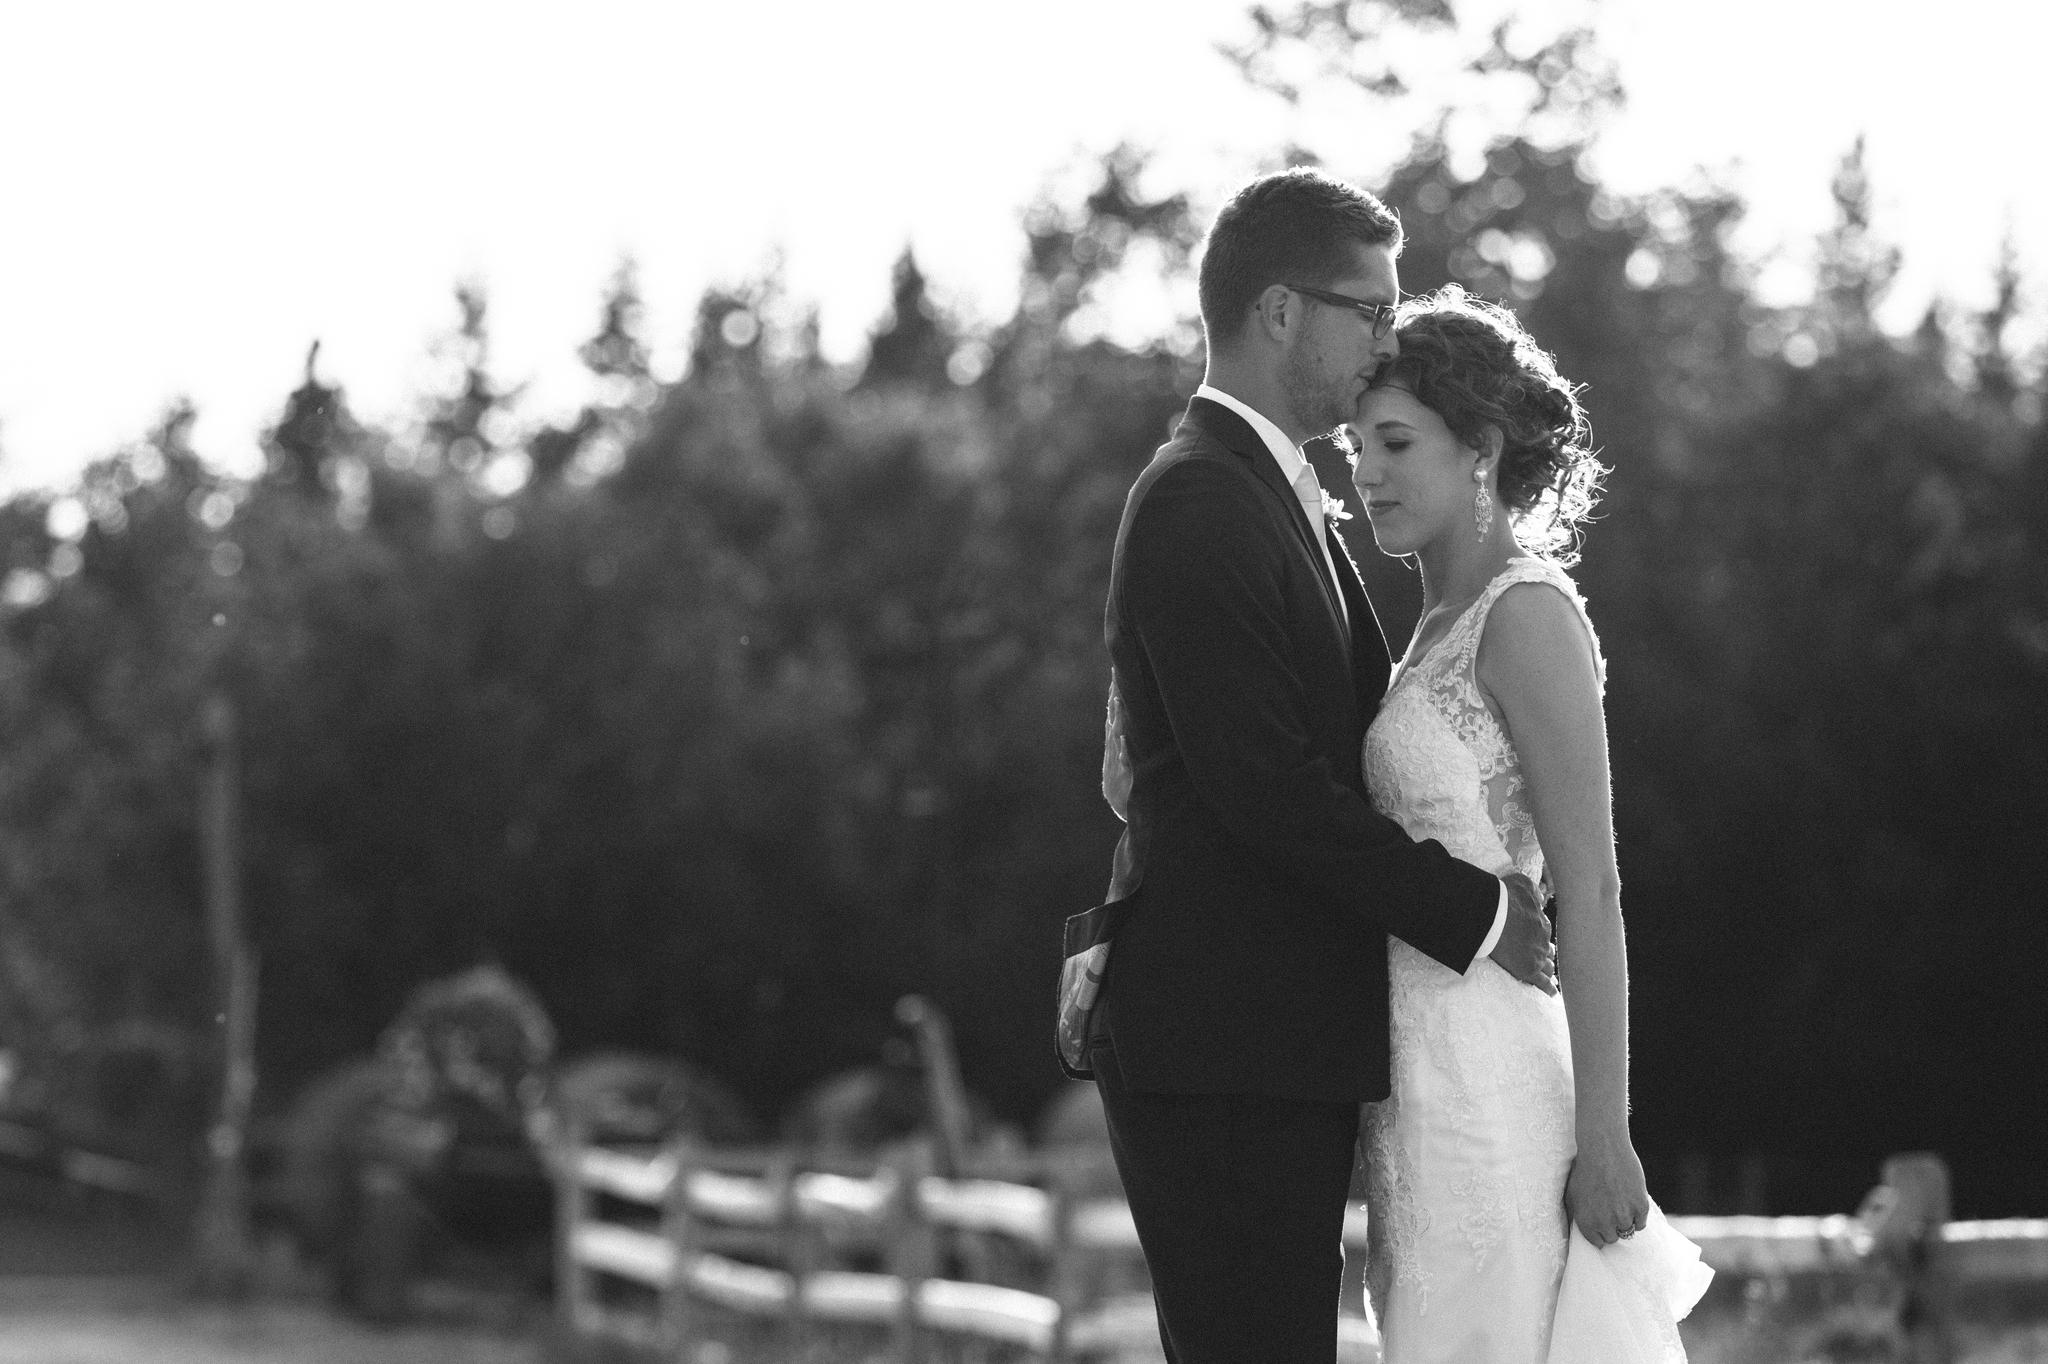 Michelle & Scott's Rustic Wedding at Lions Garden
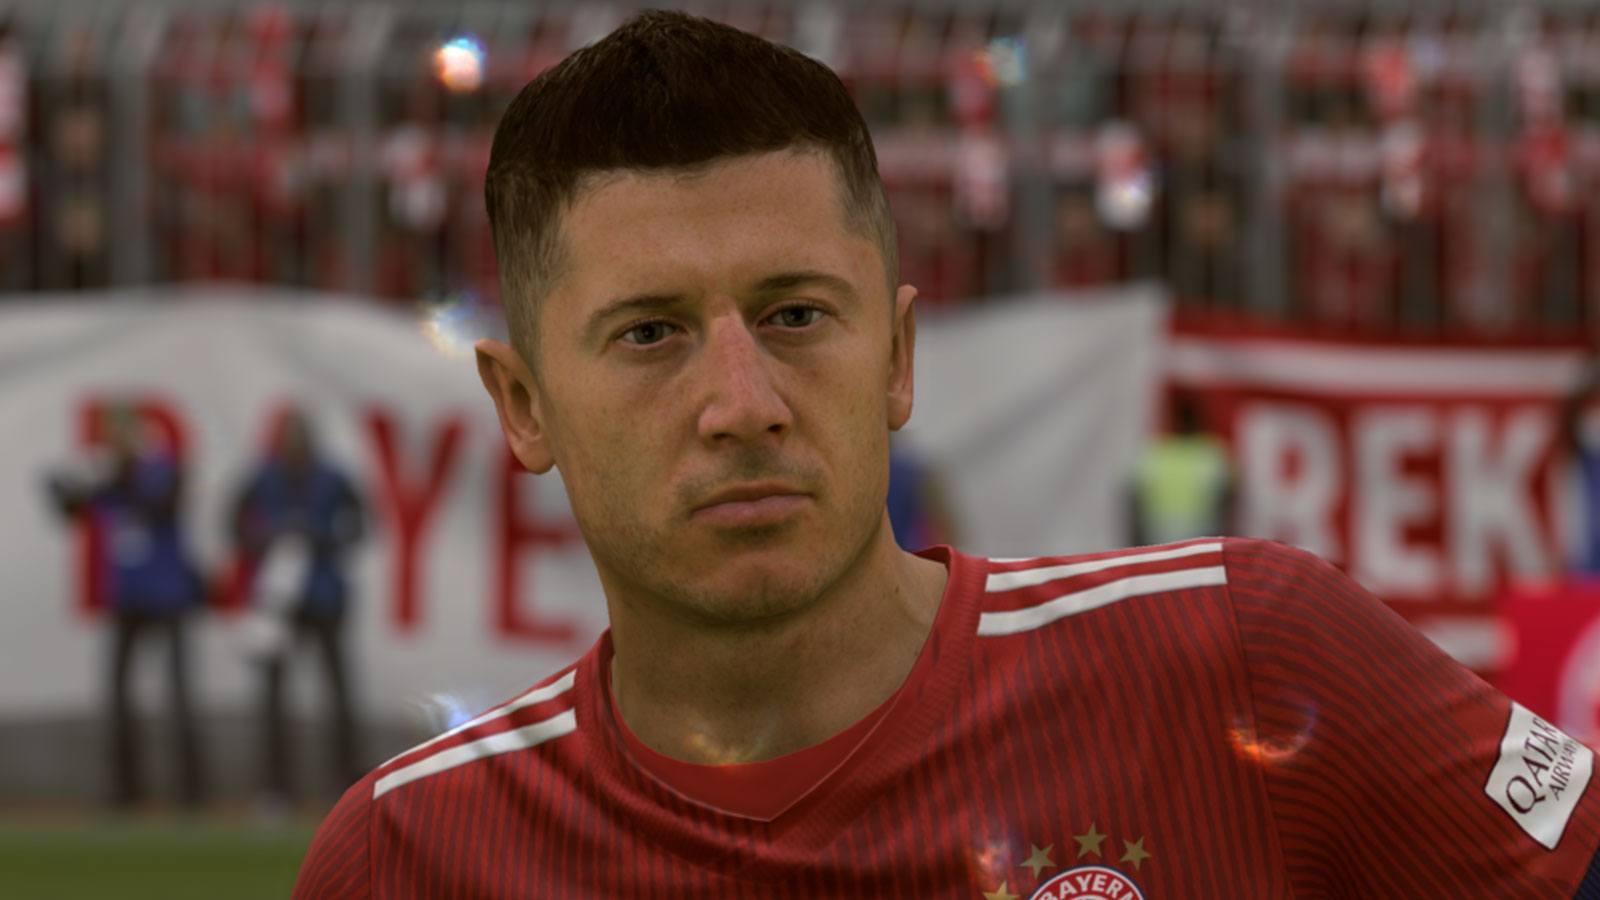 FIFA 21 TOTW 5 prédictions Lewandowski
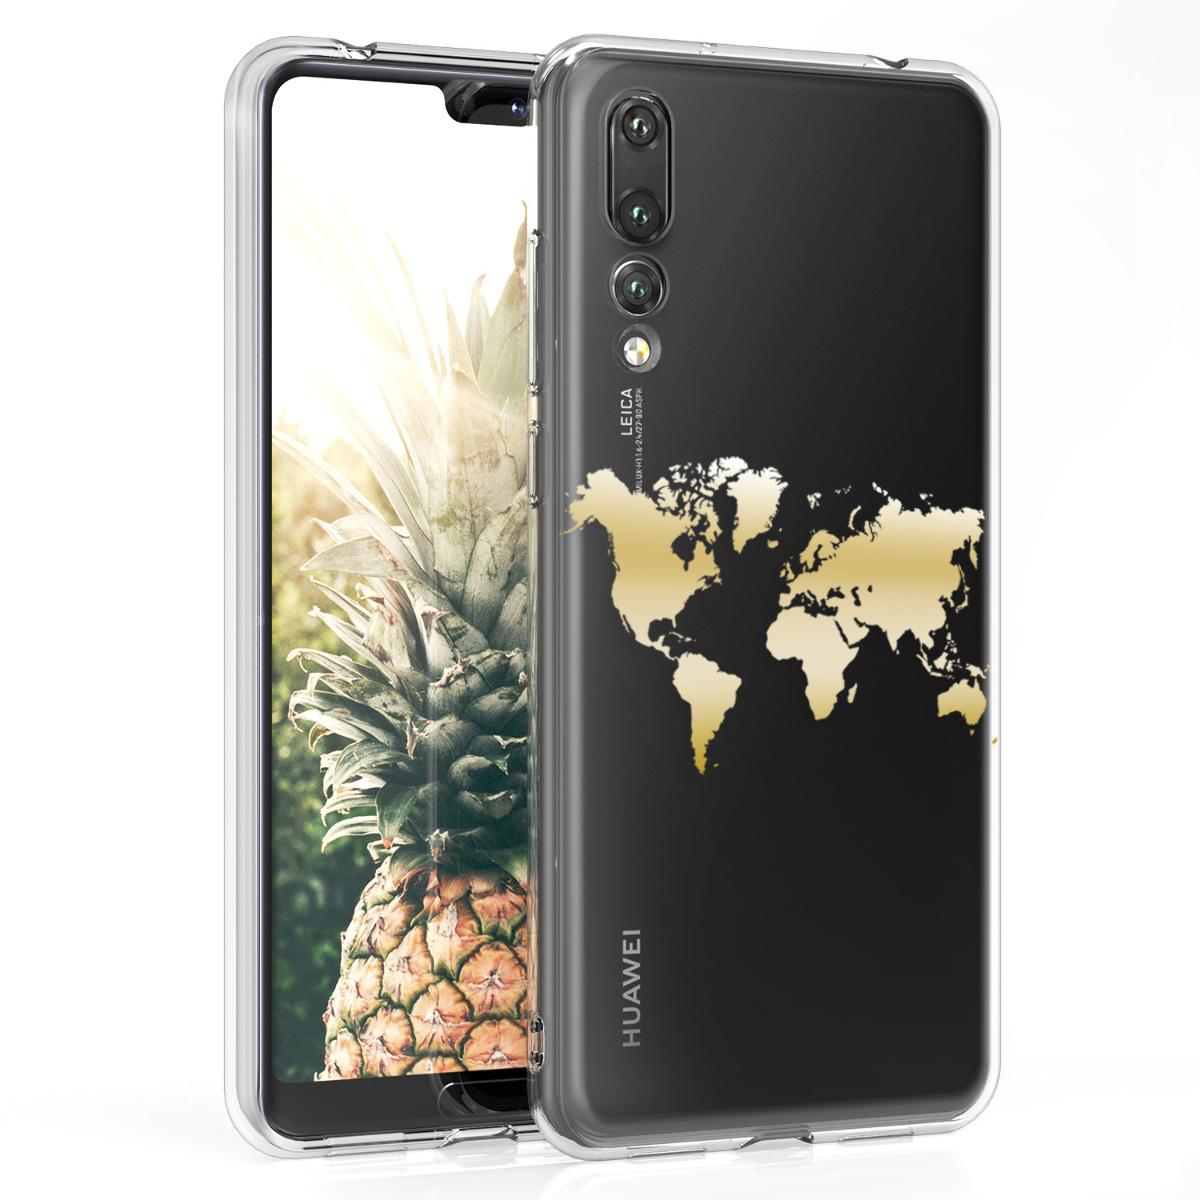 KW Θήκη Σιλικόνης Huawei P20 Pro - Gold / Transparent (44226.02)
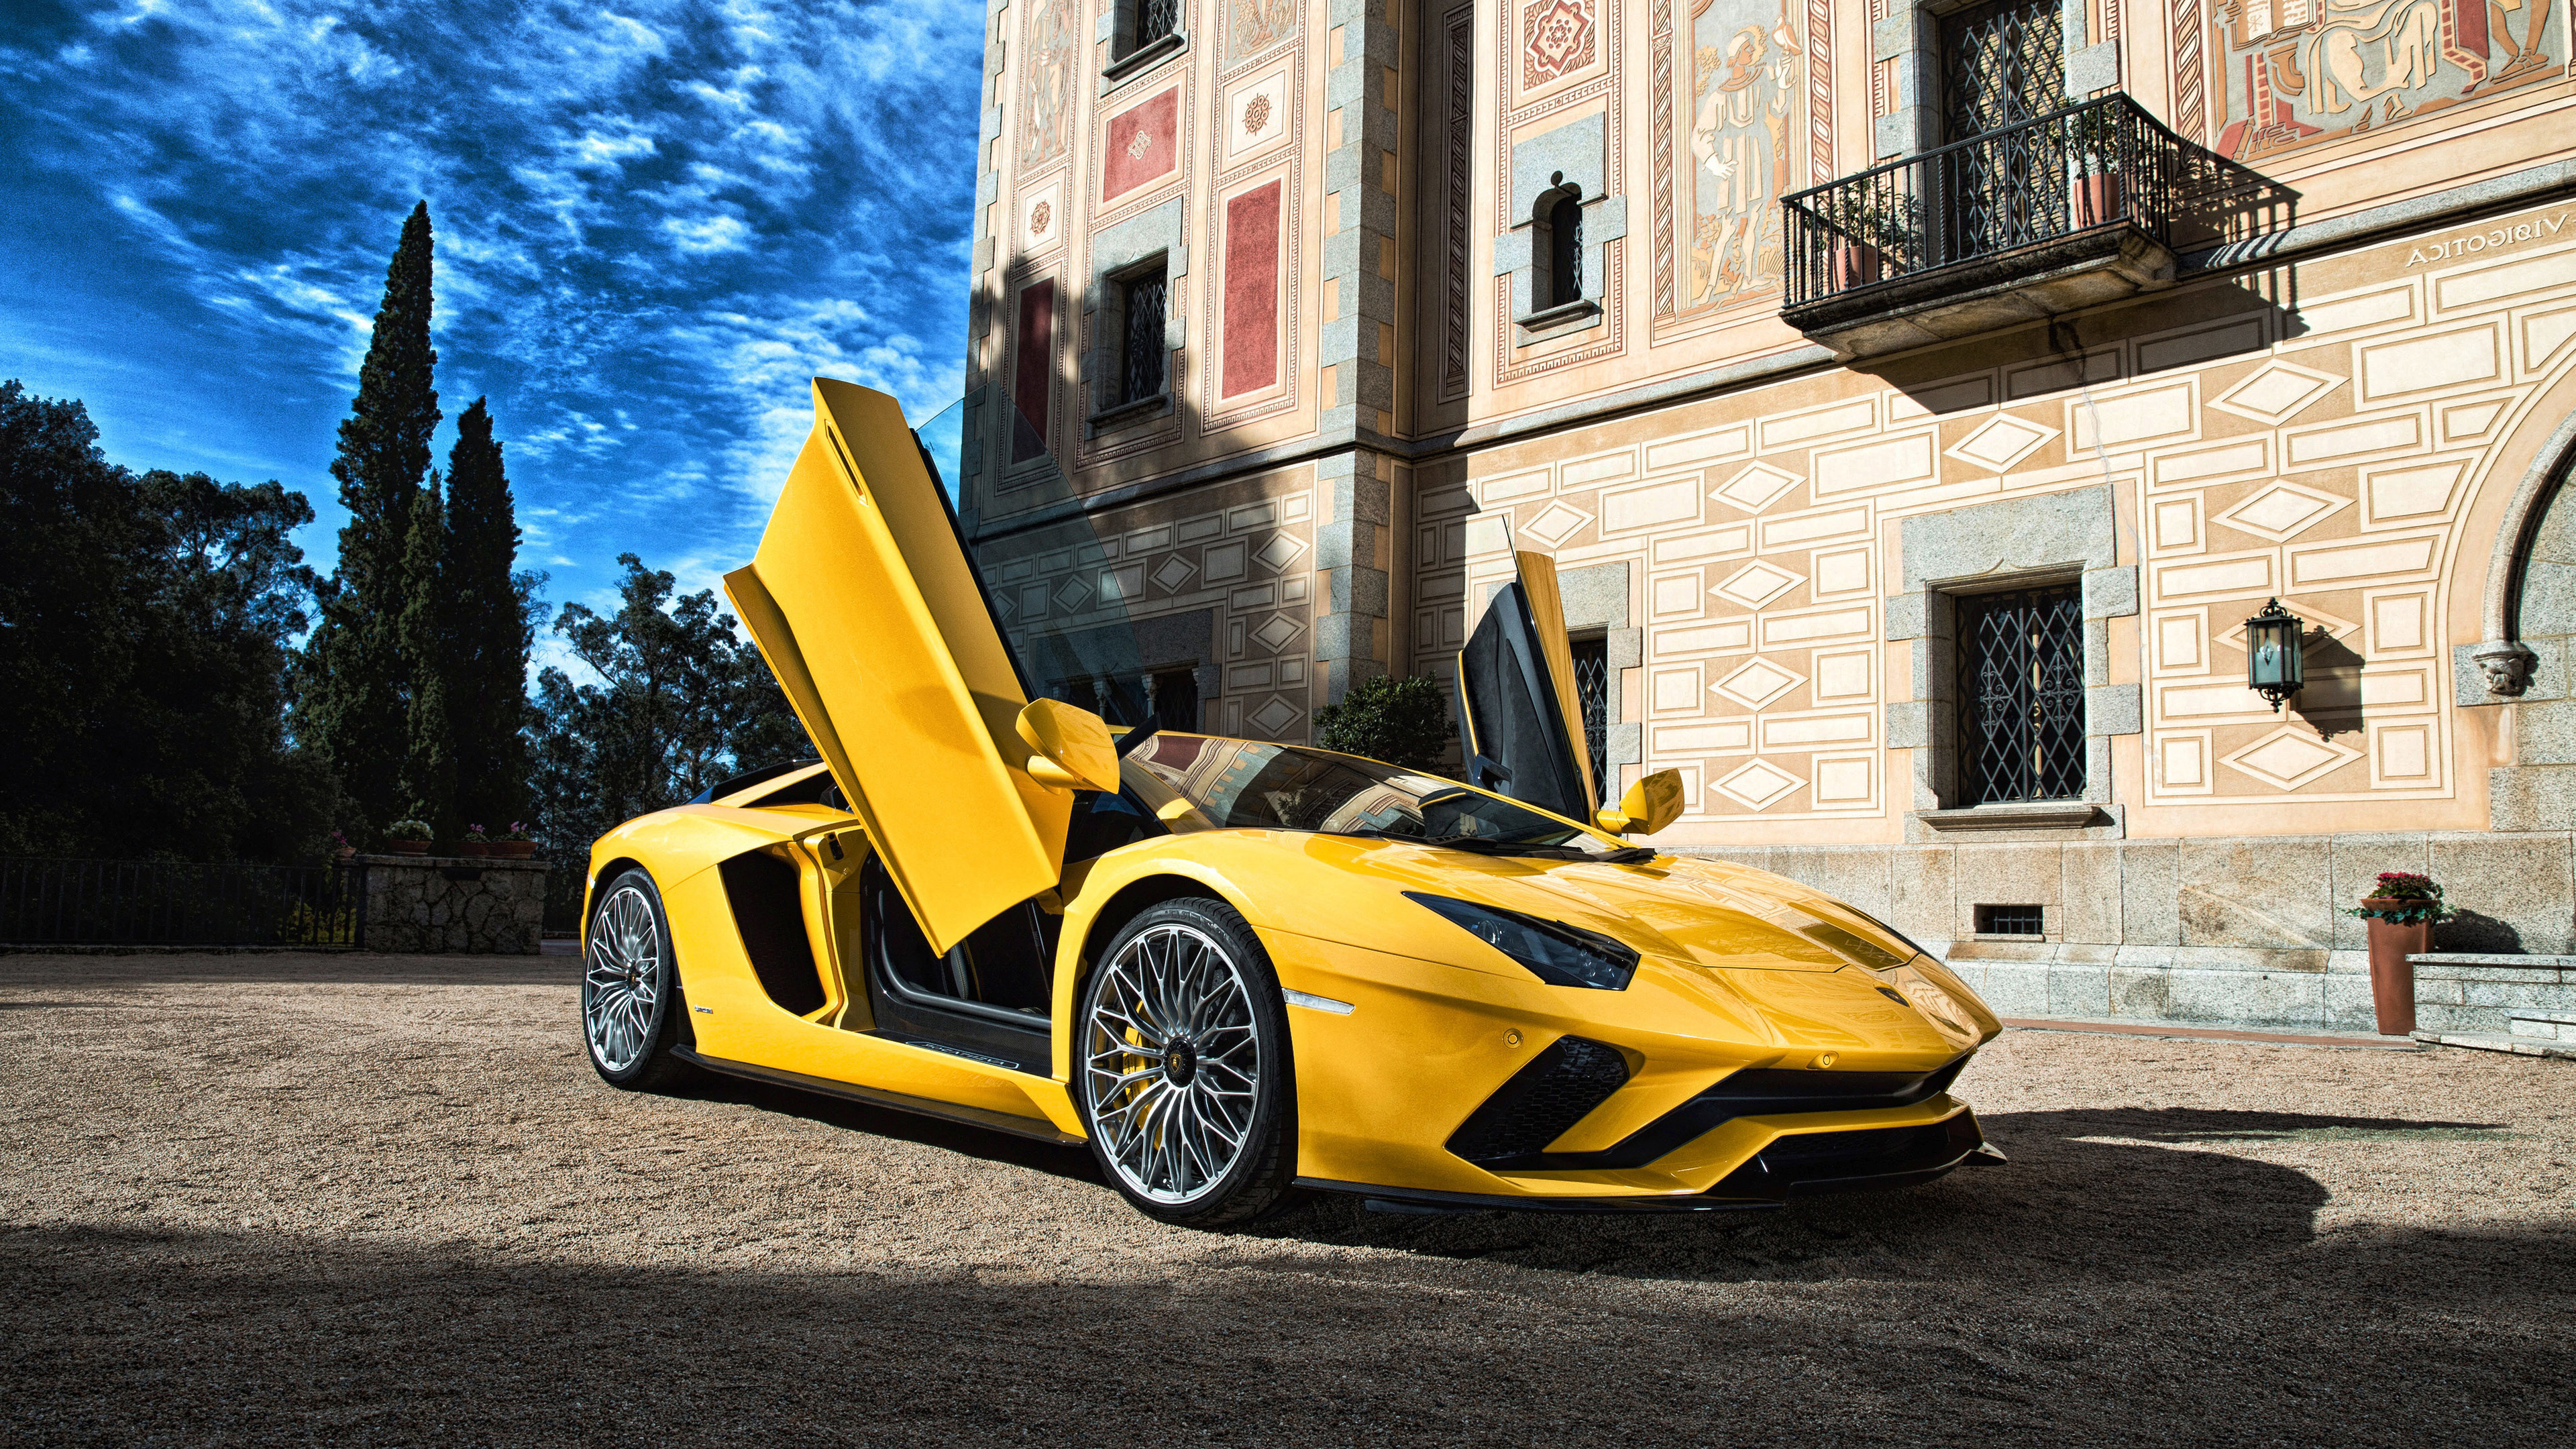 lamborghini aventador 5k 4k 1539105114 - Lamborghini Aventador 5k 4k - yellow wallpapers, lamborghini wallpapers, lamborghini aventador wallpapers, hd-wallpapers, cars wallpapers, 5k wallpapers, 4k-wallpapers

Exercise aim.
Copy all the data exactly as written, but skip any picture.

Task solution.
 Michelle & Scott's Rustic Wedding at Lions Garden
 FIFA 21 TOTW 5 prédictions Lewandowski
 KW Θήκη Σιλικόνης Huawei P20 Pro - Gold / Transparent (44226.02)
 lamborghini aventador 5k 4k 1539105114 - Lamborghini Aventador 5k 4k - yellow wallpapers, lamborghini wallpapers, lamborghini aventador wallpapers, hd-wallpapers, cars wallpapers, 5k wallpapers, 4k-wallpapers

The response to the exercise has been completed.